PORT-AU-PRICE (RIAUPOS.CO) - Pemerintah Haiti menetapkan status darurat negara karena masih mencekam setelah peristiwa pembunuhan terhadap Presiden Jovenel Moise (53).
Perdana Menteri Interim Haiti, Claude Joseph, mengatakan negaranya berada dalam status darurat nasional selama dua pekan ke depan. Dia mencoba menenangkan masyarakat dan menyatakan pemerintahan tetap terkendali.
"Saya meminta semua pihak untuk tenang. Segala sesuatunya masih terkendali Perbuatan tidak beradab ini akan mendapat balasan," kata Joseph dalam jumpa pers yang disiarkan oleh stasiun televisi setempat.
Dilansir Reuters, Kamis (8/8), Kepala Kepolisian Haiti, Leon Charles, mengatakan, anggotanya terlibat kontak senjata yang sengit dengan kelompok yang diduga sebagai pembunuh Moise.
Dalam kejadian itu, empat orang tewas di tempat, dan menangkap hidup-hidup dua orang. Sedangkan sejumlah orang lain berhasil kabur dan masih buron.
"Kami menghalangi mereka setelah mencoba meninggalkan tempat kejadian perkara. Saat itu kami terlibat baku tembak dengan mereka. Pilihannya mereka mati atau ditangkap," kata Charles.
Menurut Duta Besar Amerika Serikat untuk Haiti, Bocchit Edmond, para pelaku diduga adalah kelompok pembunuh bayaran asing yang sangat terlatih. Para pelaku diduga menyamar sebagai agen Badan Pemberantasan Narkoba (DEA) AS.
Mereka menyelinap ke rumah Moise di kawasan perbukitan Ibu Kota Port-au-Prince sekitar pukul 01.00 waktu setempat dan menghabisi sang presiden.
Sang istri, Martine, selamat dalam kejadian itu meski mengalami luka-luka. Dia saat ini diterbangkan ke Florida, Amerika Serikat, untuk mendapatkan penanganan medis.

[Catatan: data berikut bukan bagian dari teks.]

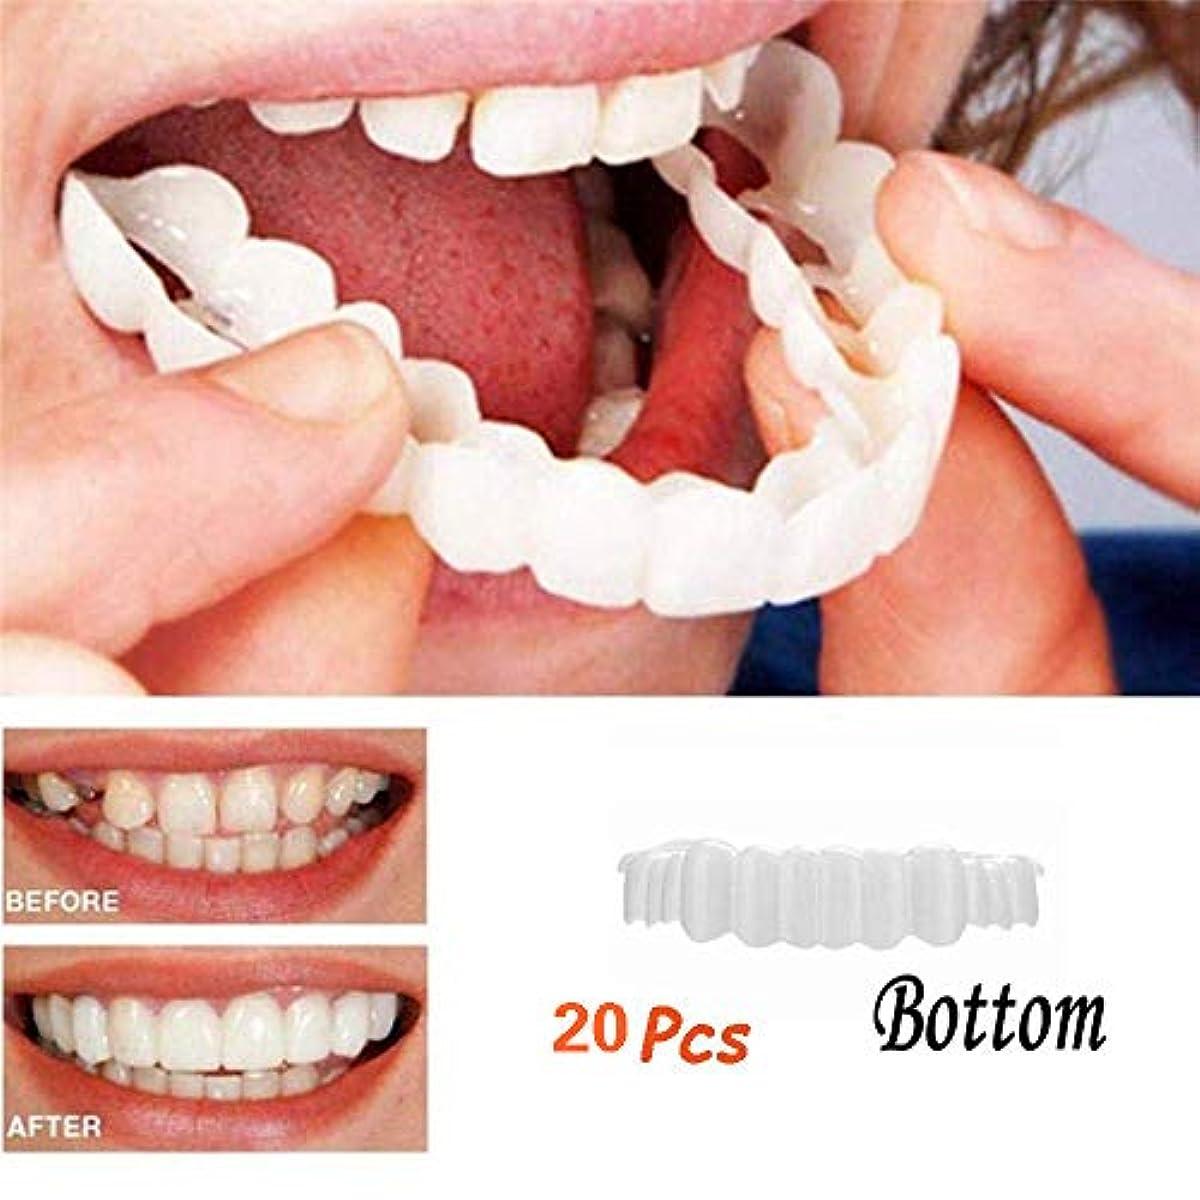 ブレーキ薄めるナイトスポット20ピースボトム化粧品歯コンフォートフィットフレックス化粧品歯コーブ義歯歯のホワイトニングスナップオンインスタント笑顔サイズフィット

Presiden Amerika Serikat, Joe Biden, mengecam kejadian itu sebagai tindakan kejam. Dia juga menyebut situasi di Haiti mengkhawatirkan. AS merupakan negara donor terbesar Haiti.
Pemerintahan Moise diwarnai dengan gejolak politik. Pengusaha ekspor pisang yang terjun menjadi politikus itu terpilih menjadi sebagai pada 2017.
Sejak itu pula pemerintahan Moise digoyang beragam isu, mulai dari korupsi hingga salah urus perekonomian. Moise juga dituduh berada di balik aksi kekerasan yang dilakukan oleh kelompok geng setempat.
Kelompok aktivis setempat curiga geng itu dibentuk karena persaingan politik dan bisnis oleh para elite di negara itu. Moise juga pernah mengatakan ada kekuatan lain yang selalu memicu kerusuhan di negaranya.
Dia menuduh kerusuhan itu dibuat-buat oleh para politikus dan pejabat serta pengusaha korup yang tidak senang atas kebijakannya yang hendak melakukan reformasi politik dan menjalankan pemerintahan yang bersih di Haiti. Akan tetapi, Moise tidak bisa menunjukkan bukti-bukti terkait pernyataan itu.
Situasi politik dan keamanan di Haiti terus bergolak setelah dinasti politik Jean-Claude Duvalier dan mendiang ayahnya, Francois Duvalier, tumbang akibat demonstrasi pada 1986. Sejak itu pula sejumlah aksi kudeta dan intervensi negara asing terjadi di negara itu.
Mantan Presiden Jean-Bertrand Aristide dilengserkan melalui pemberontakan pada 2004. Saat itu Perserikatan Bangsa-Bangsa (PBB) mengirimkan pasukan penjaga perdamaian yang tugasnya berakhir pada 2019 lalu, meski kondisi Haiti masih kacau-balau.
Pembunuhan terhadap Moise dikhawatirkan membuat kondisi Haiti semakin tidak karuan. Apalagi negara itu tengah dibelit krisis ekonomi dan juga terdampak pandemi virus corona.
Selain itu, Haiti adalah negara yang kerap dilanda bencana alam seperti badai dan gempa bumi. Negara tetangga Haiti, Republik Dominika, bahkan terpaksa menutup perbatasan akibat kejadian itu.